■ WORK TO COMPLETE
From the listing below, please restate exactly the lines beginning at the one with "heartbetas-thumb" and ending at the one with "Star Wars The", both included, and skip the pictures.

■ DATA FOR REVIEW
● ● ● ●

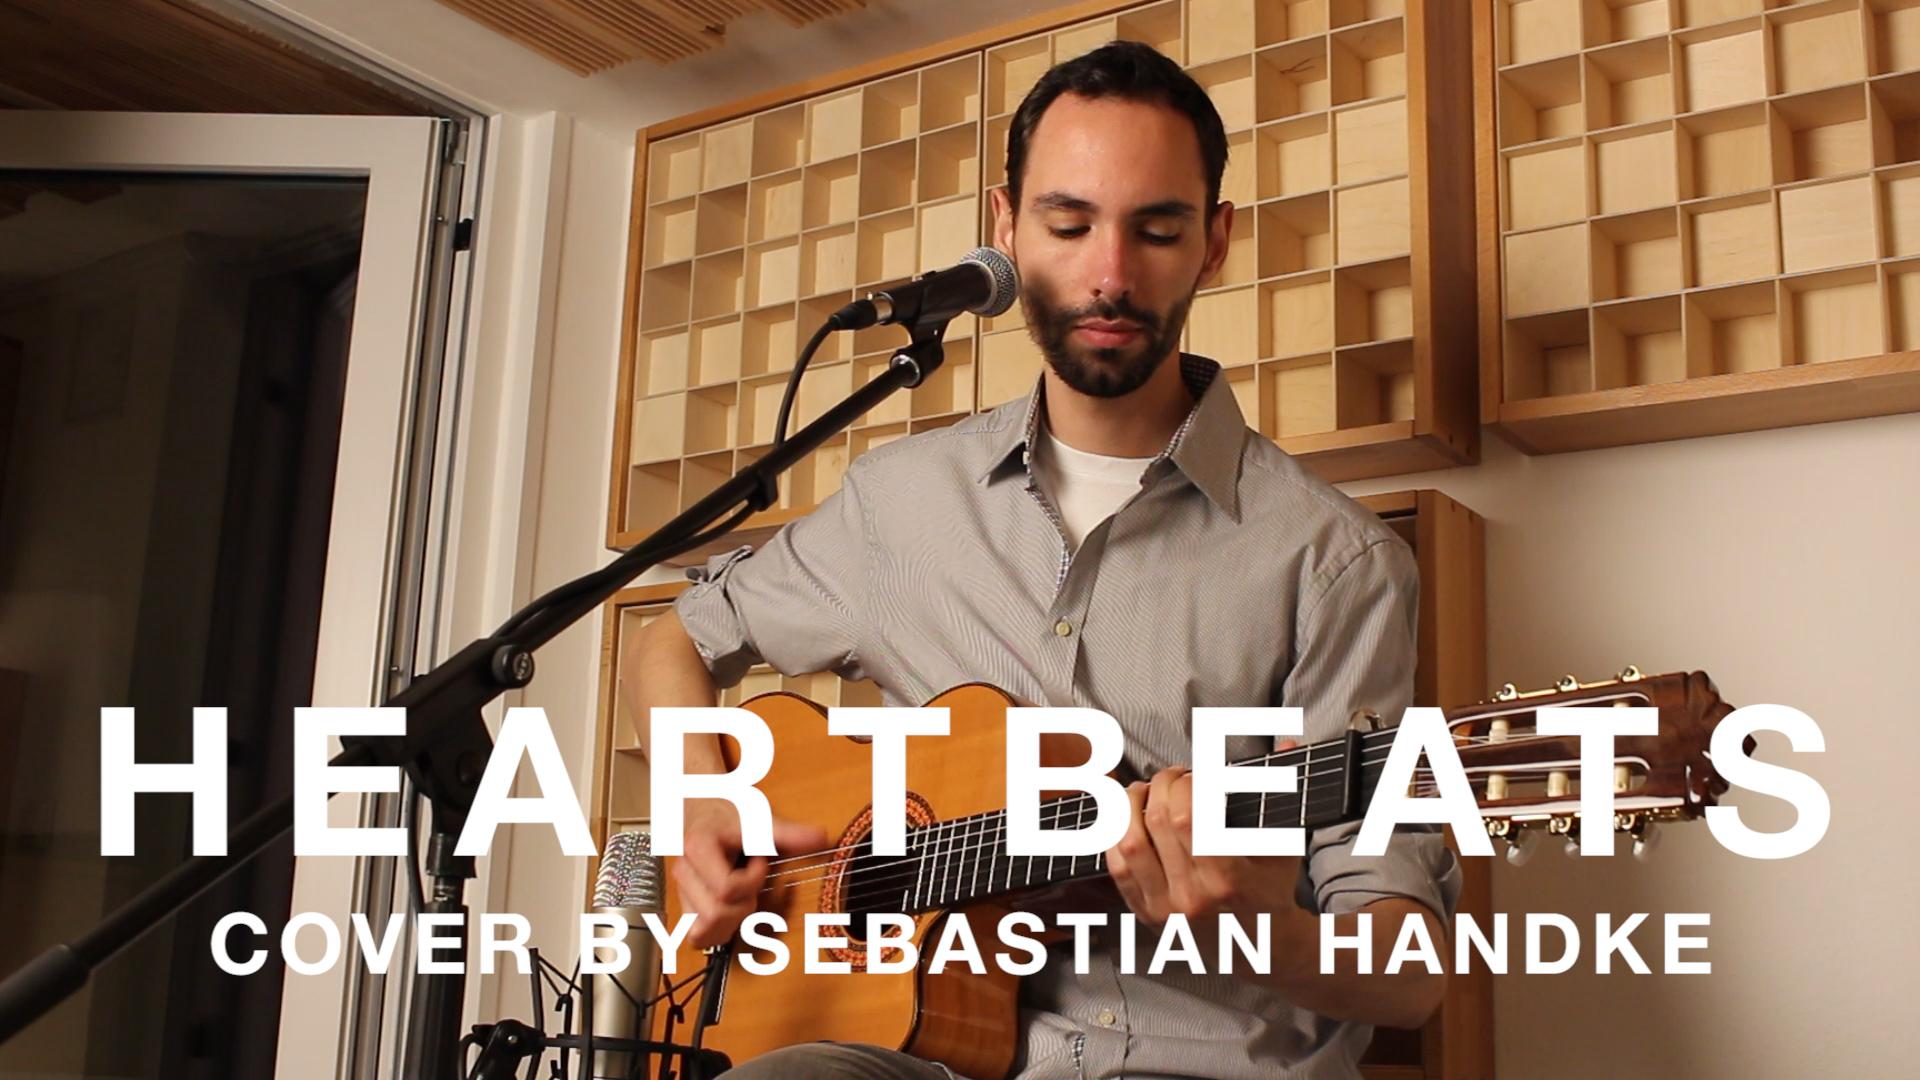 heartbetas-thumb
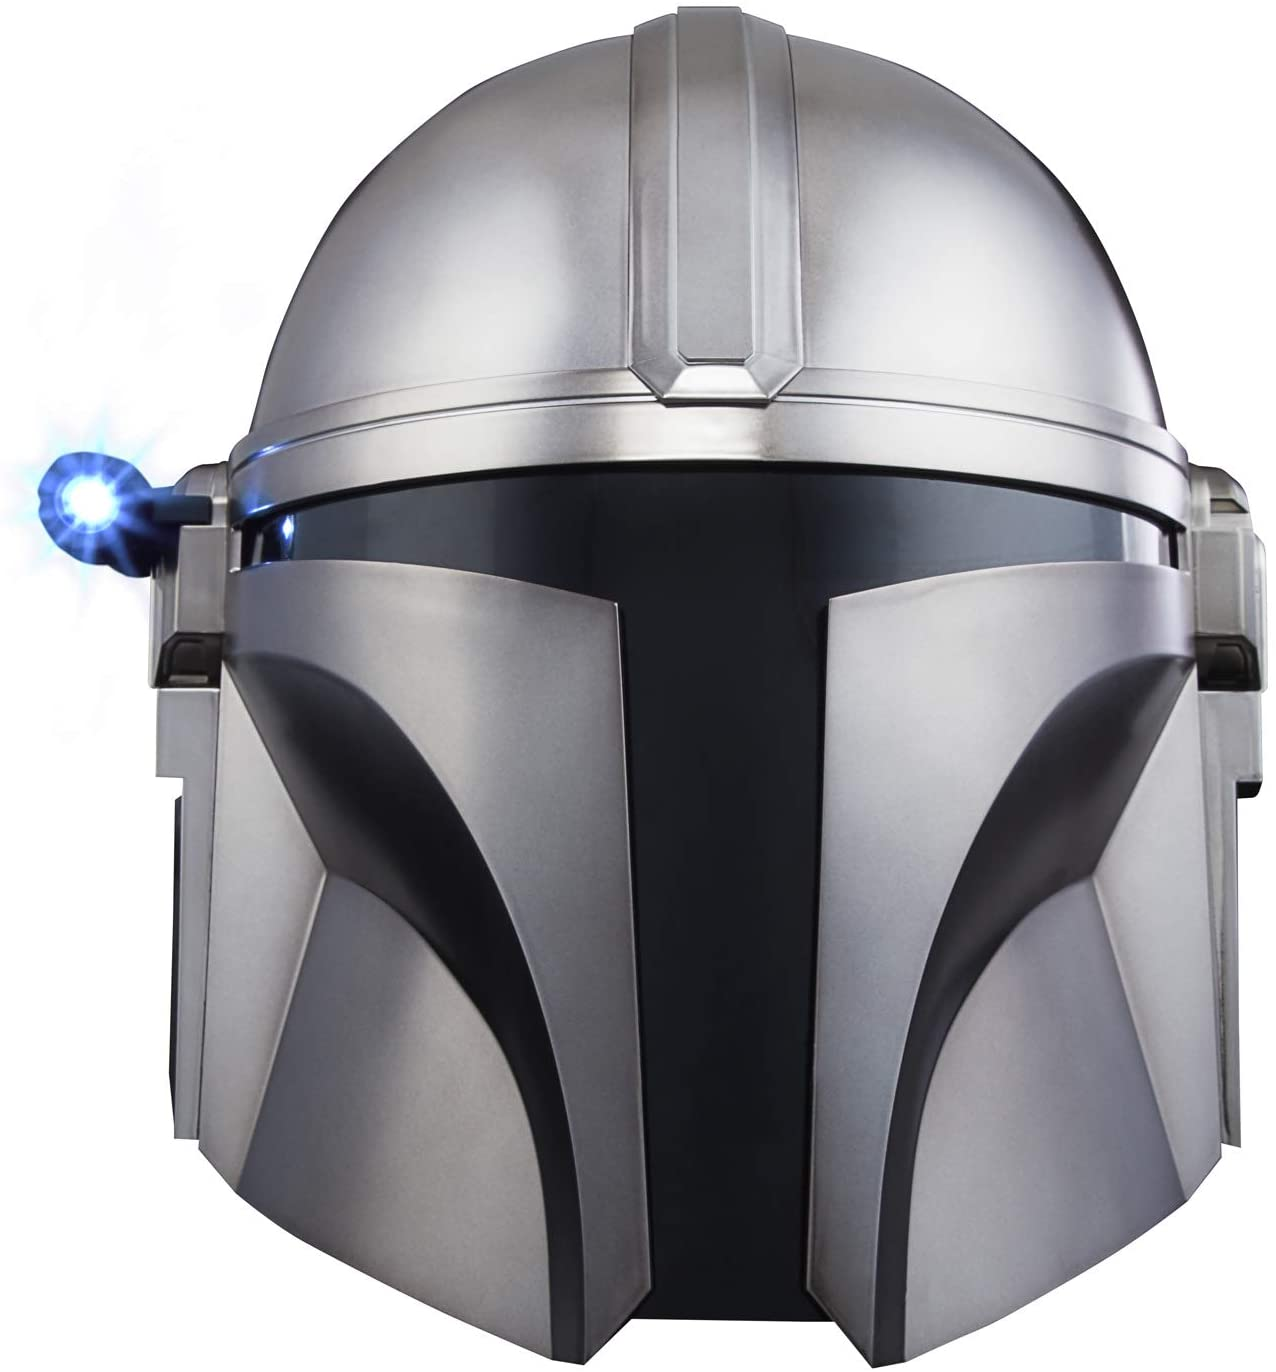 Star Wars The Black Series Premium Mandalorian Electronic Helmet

● ● ● ●

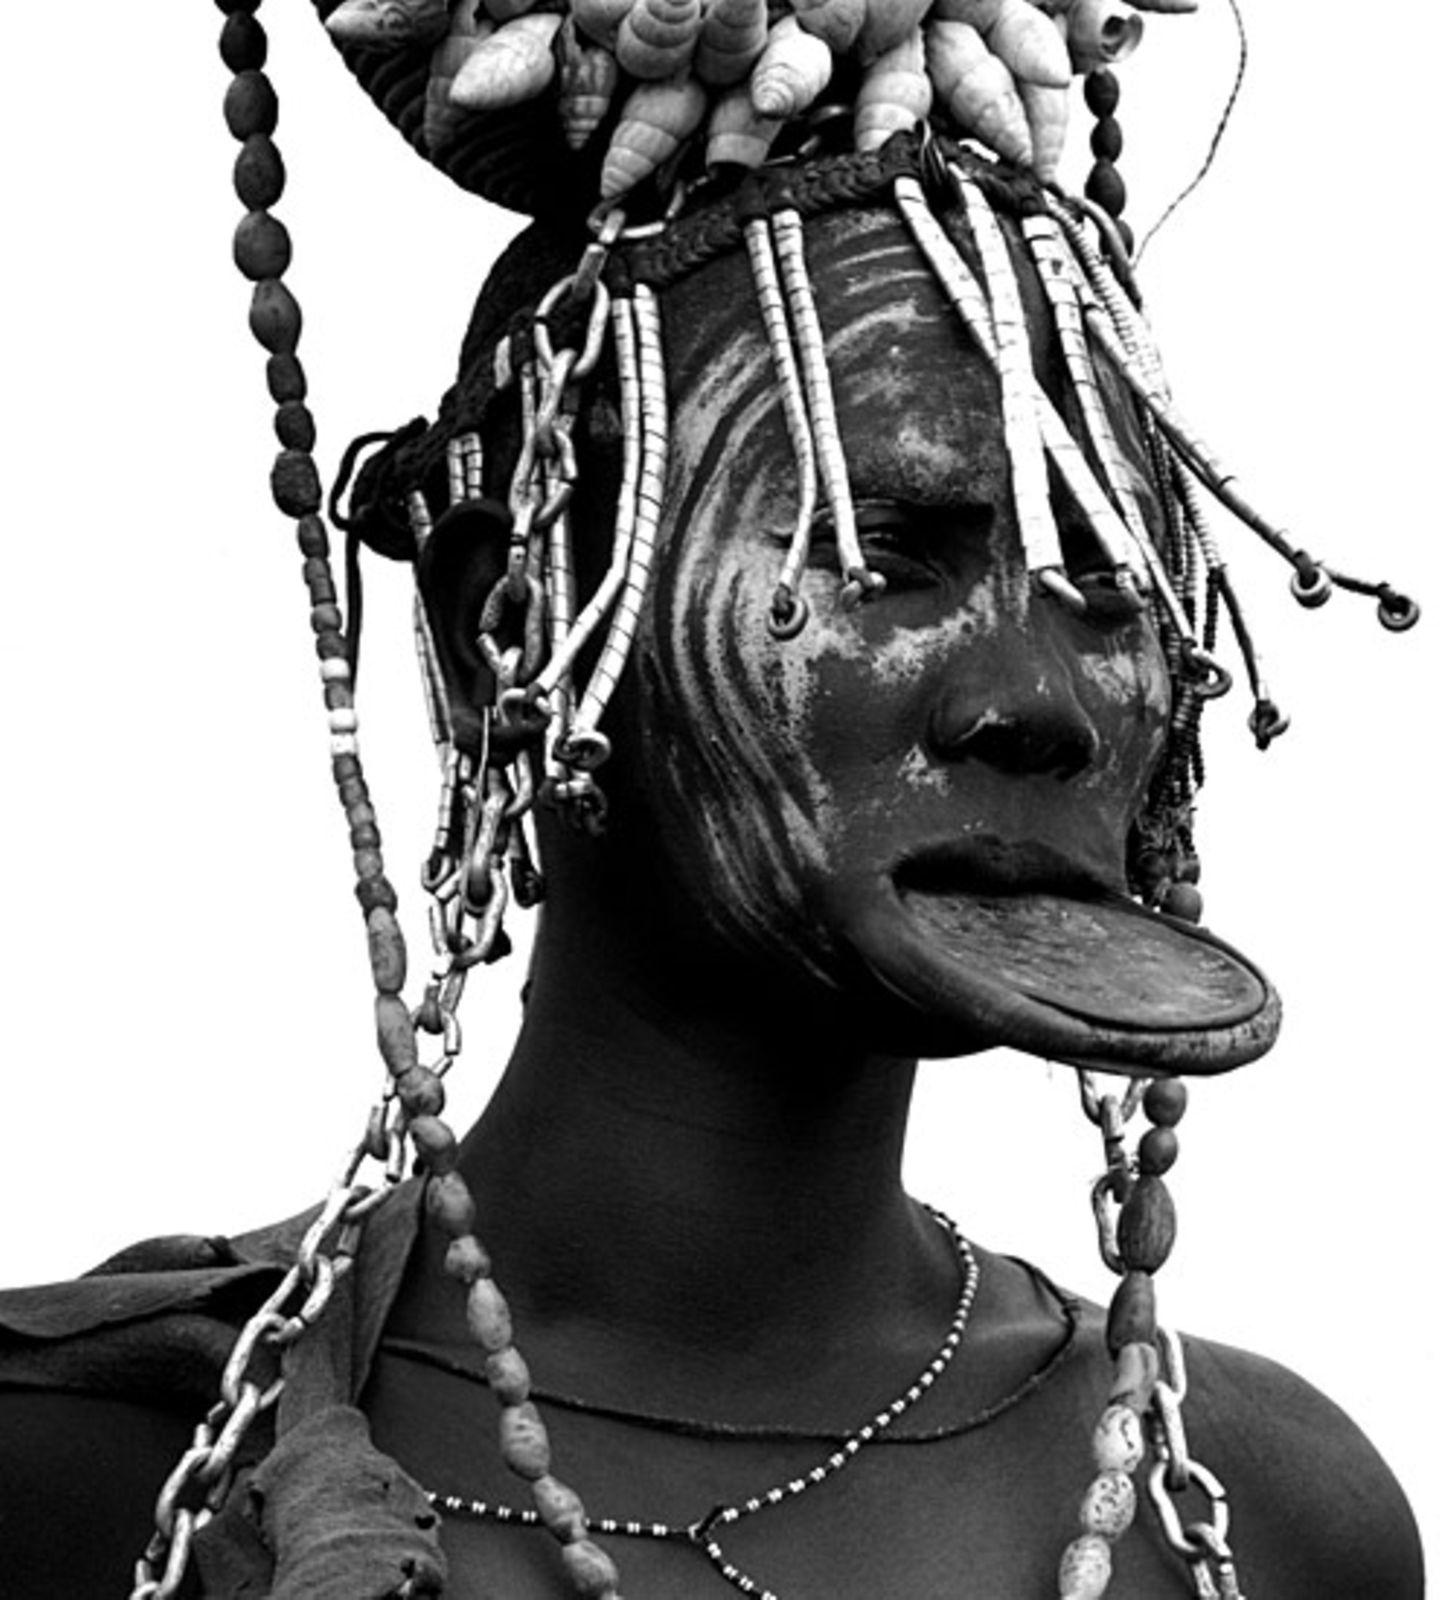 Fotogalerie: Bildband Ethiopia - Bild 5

● ● ● ●

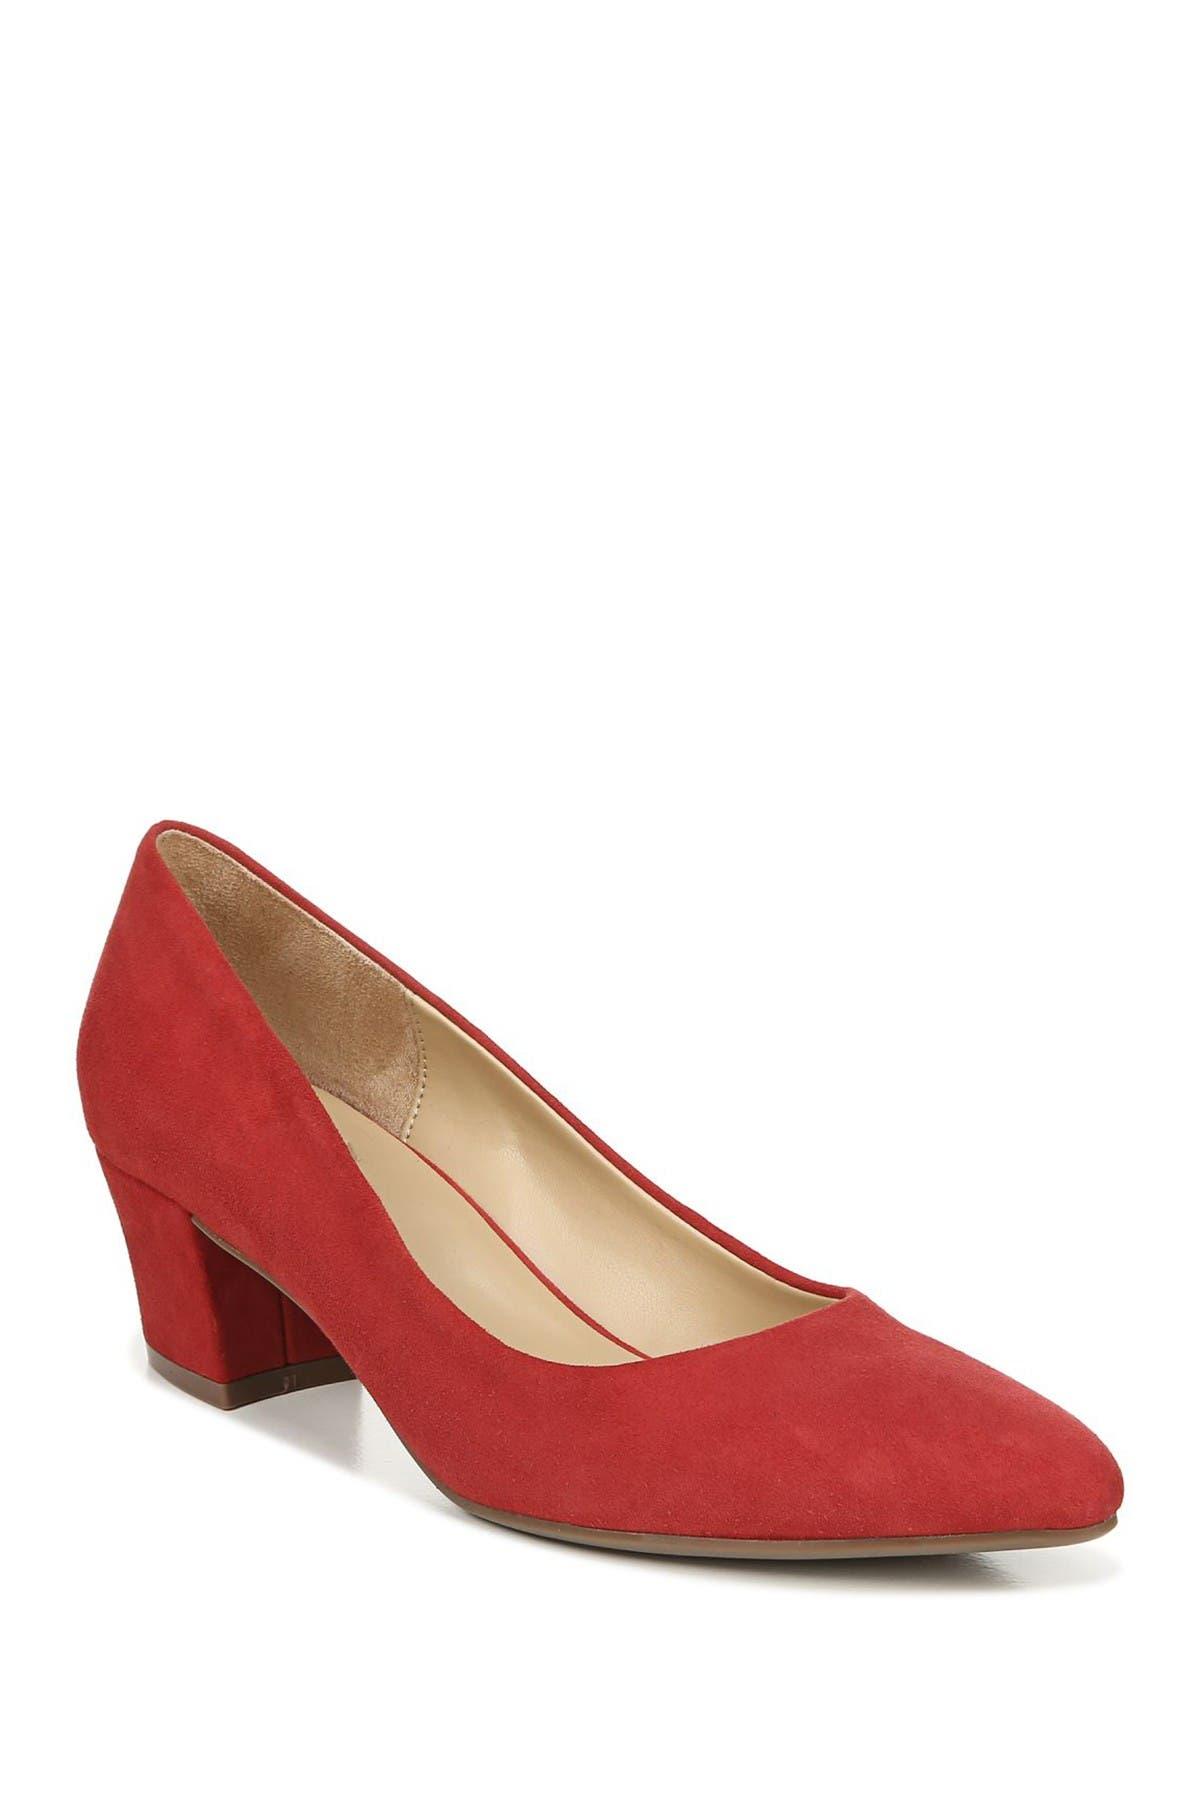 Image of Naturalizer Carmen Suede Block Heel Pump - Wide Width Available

● ● ● ●

■ THE ANSWER
 heartbetas-thumb
 Star Wars The Black Series Premium Mandalorian Electronic Helmet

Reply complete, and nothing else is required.